Em caso de incapacidade temporária ao trabalho por prazo superior a 15 dias, o trabalhador poderá ao INSS o benefício do auxílio-doença, o qual será concedido mediante perícia médica do INSS, por prazo certo.

Mas o trabalhador ainda continuar doente e não puder voltar ao trabalho, pode pedir a prorrogação do benefício, através de pedido próprio denominado "PP- Pedido de prorrogação dos benefícios de auxílio-doença".

O prazo para requerer a prorrogação do benefício é de 15 (quinze) dias anterior a data da cessação automática do benefício, nos termos da IN INSS/PRESS n.º 77/2015, mediante agendamento de nova perícia-médica.

 

Contudo estas perícias médica normalmente demoram e os segurados muitas vezes ficavam ser receber os benefícios e nem os salários porque não tinham como voltar ao trabalho.

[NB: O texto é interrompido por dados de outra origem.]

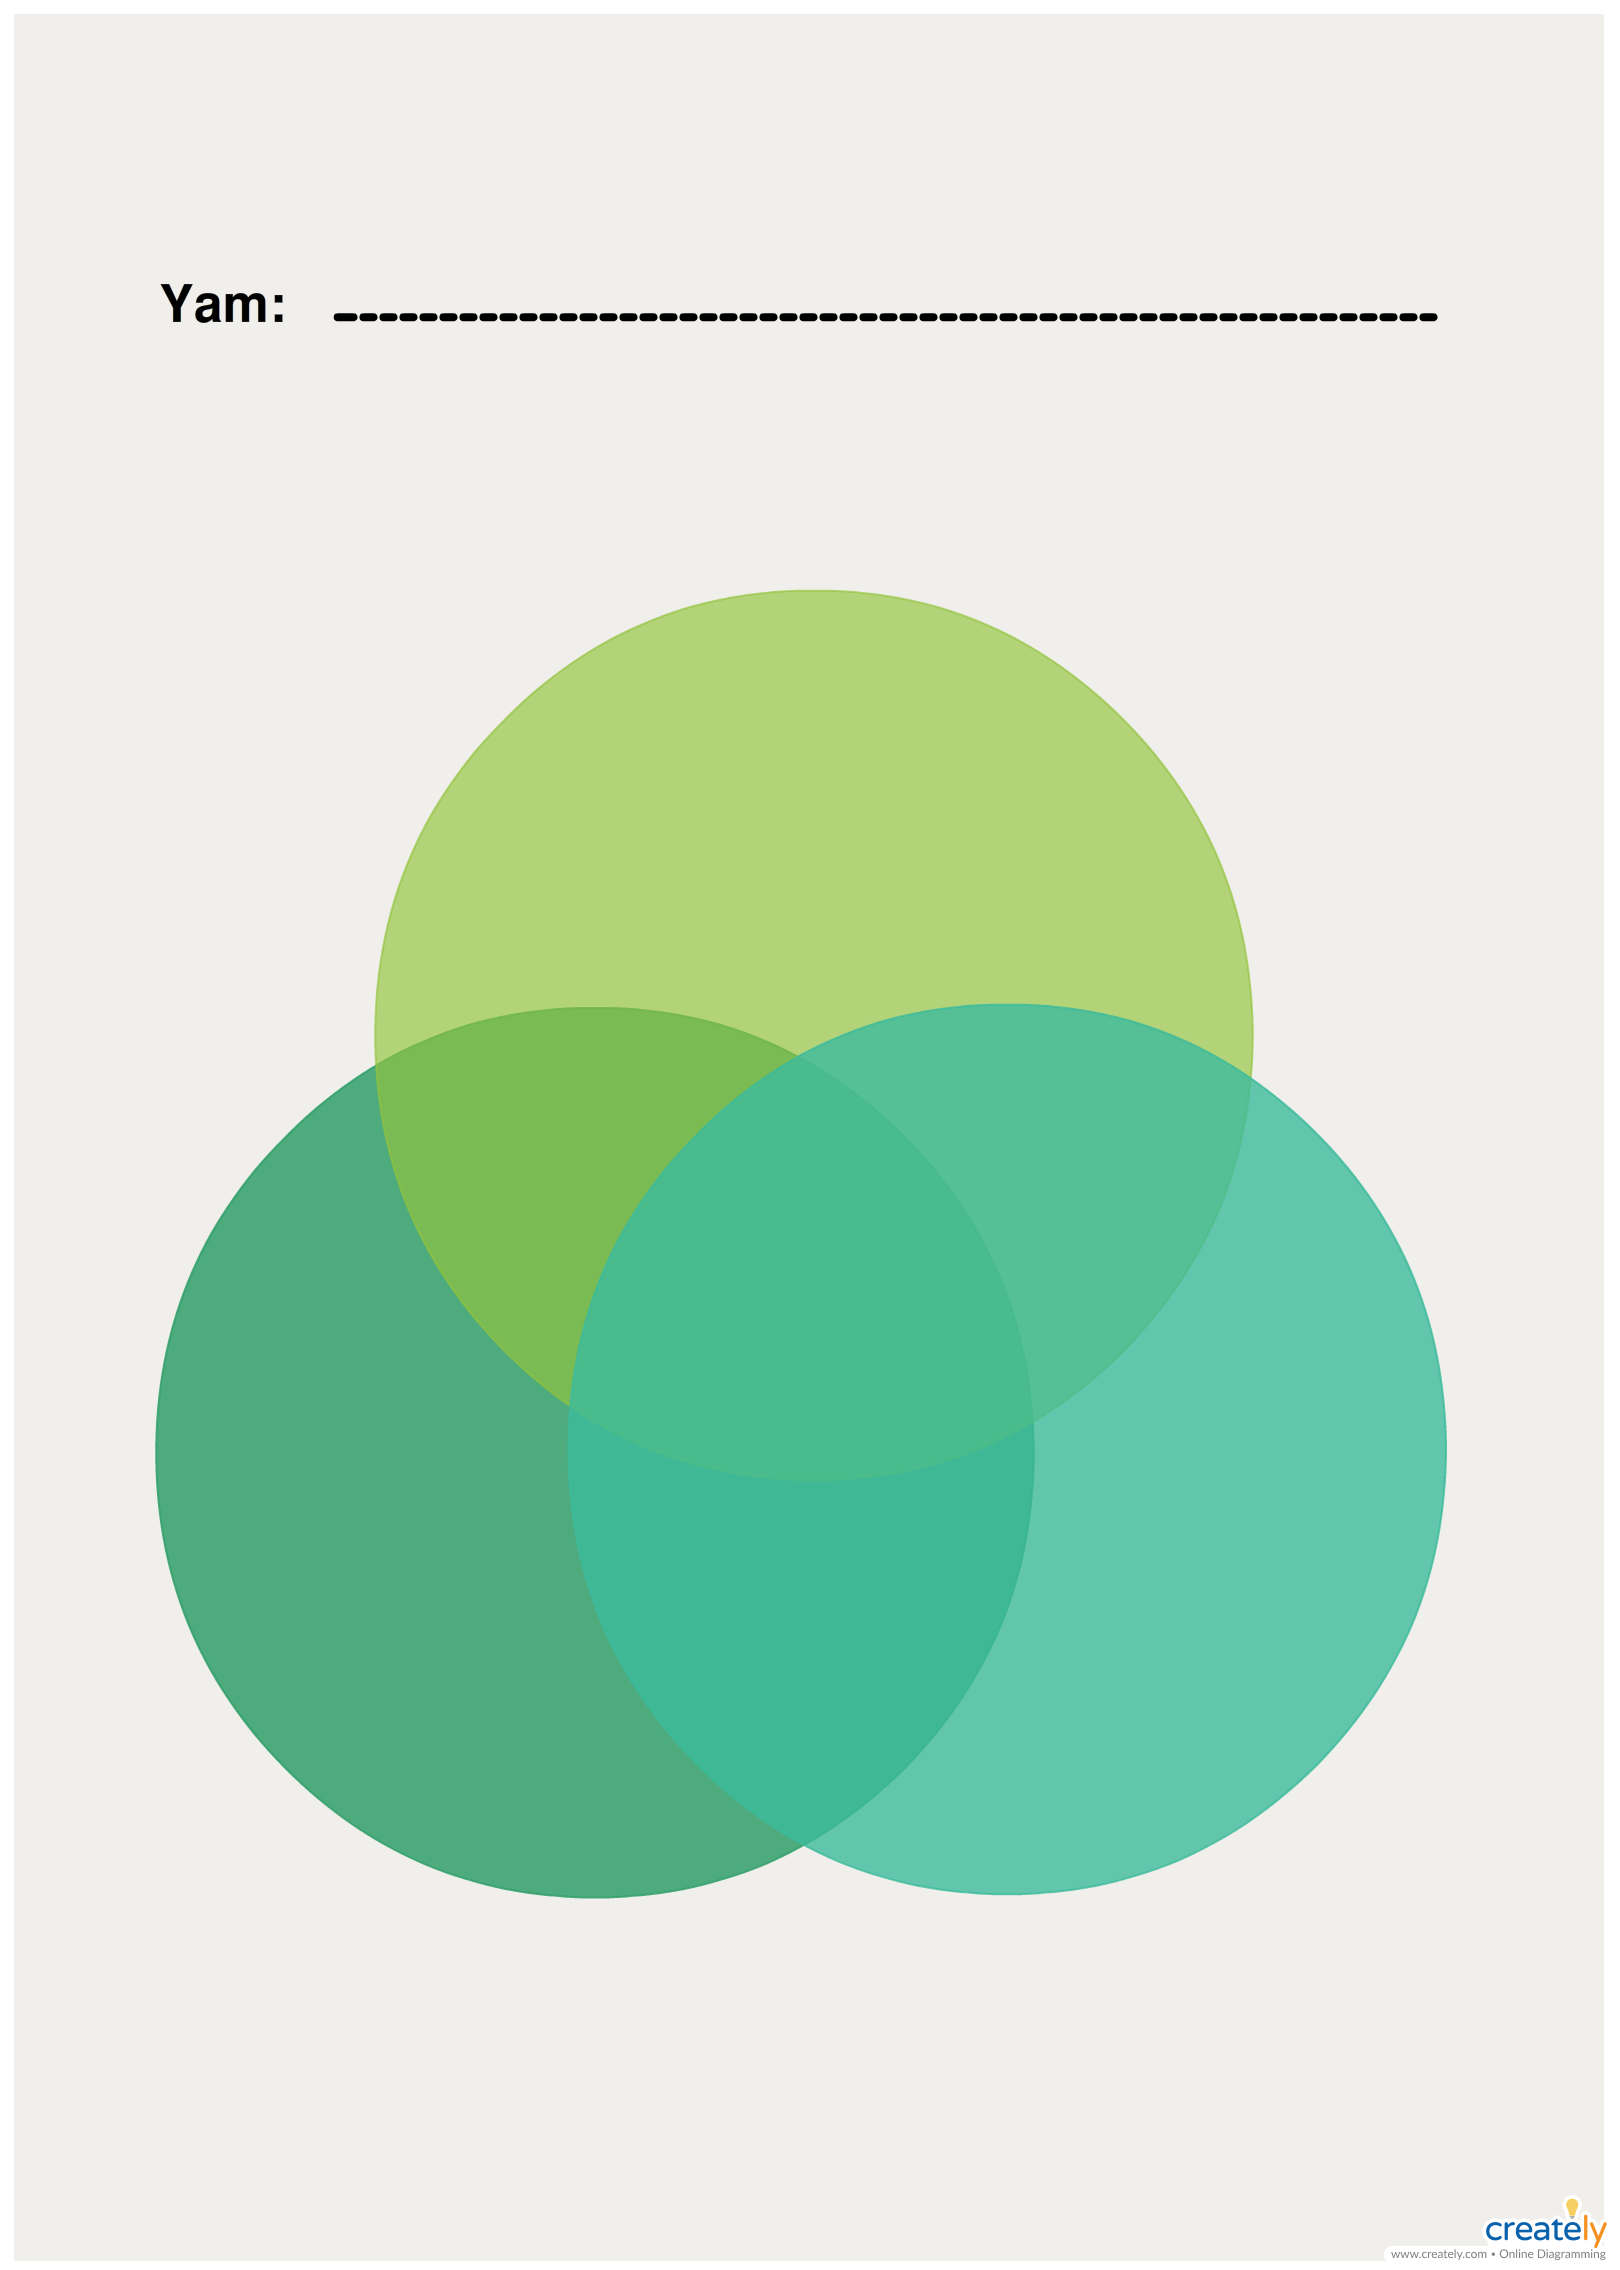 small resolution of blank 3 set de diagrama venn listo para imprimir para hoja a4 puedes editar esta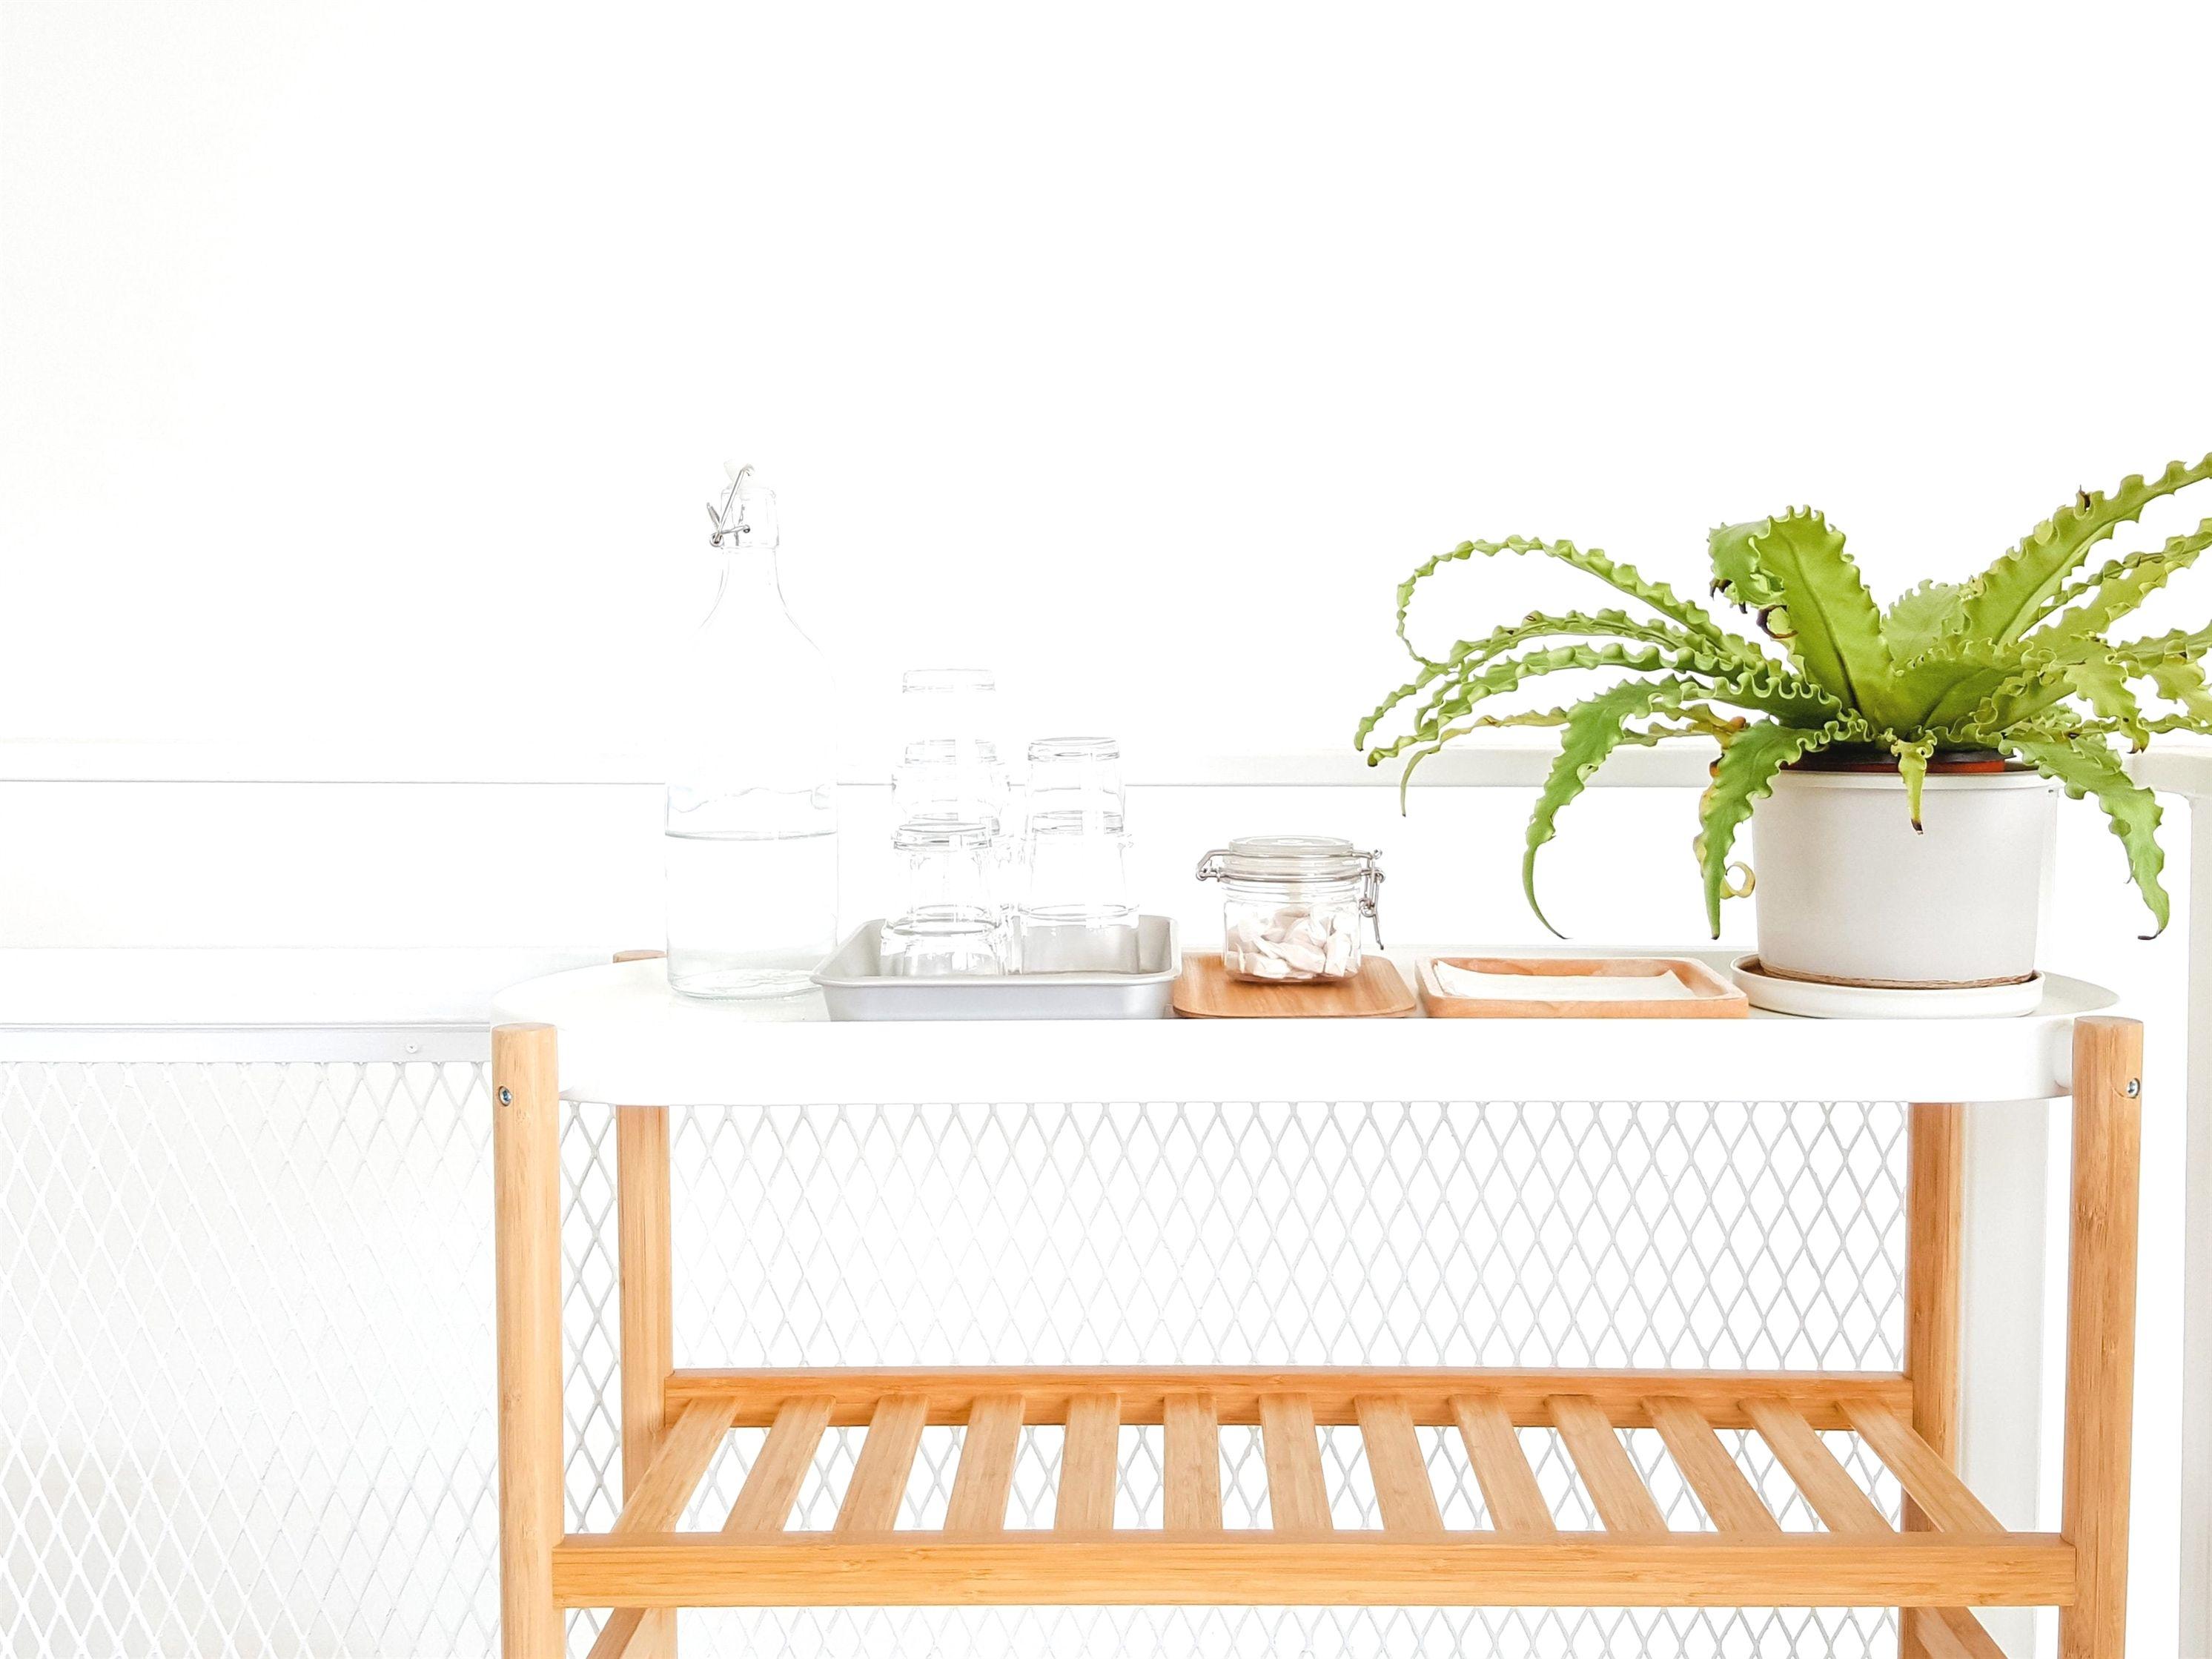 Abbey Home Decor Quilt 708 20190108094908 62 Home Decor

Agora o INSS, por meio da IN INSS/PRESS n. 90, de 17-11-2017, alterou as regras do pedido de prorrogação.

Pelas novas regras, se o segurado fizer o pedido de prorrogação do auxílio-doença dentro do prazo dos 15 (quinze) dias anteriores ao vencimento, poderão ocorrer duas situações:

a) quando o tempo de espera para realização da avaliação médico-pericial for menor que 30 dias, a avaliação será agendada, aplicando-se as mesmas regras do PP; e

b) quando o tempo de espera para realização da avaliação médico-pericial ultrapassar 30 dias, o benefício será prorrogado por 30 dias, sem agendamento da avaliação médico-pericial.
Após a segunda solicitação de prorrogação do caso mencionado na letra “b”, será agendado obrigatoriamente o exame médico pericial.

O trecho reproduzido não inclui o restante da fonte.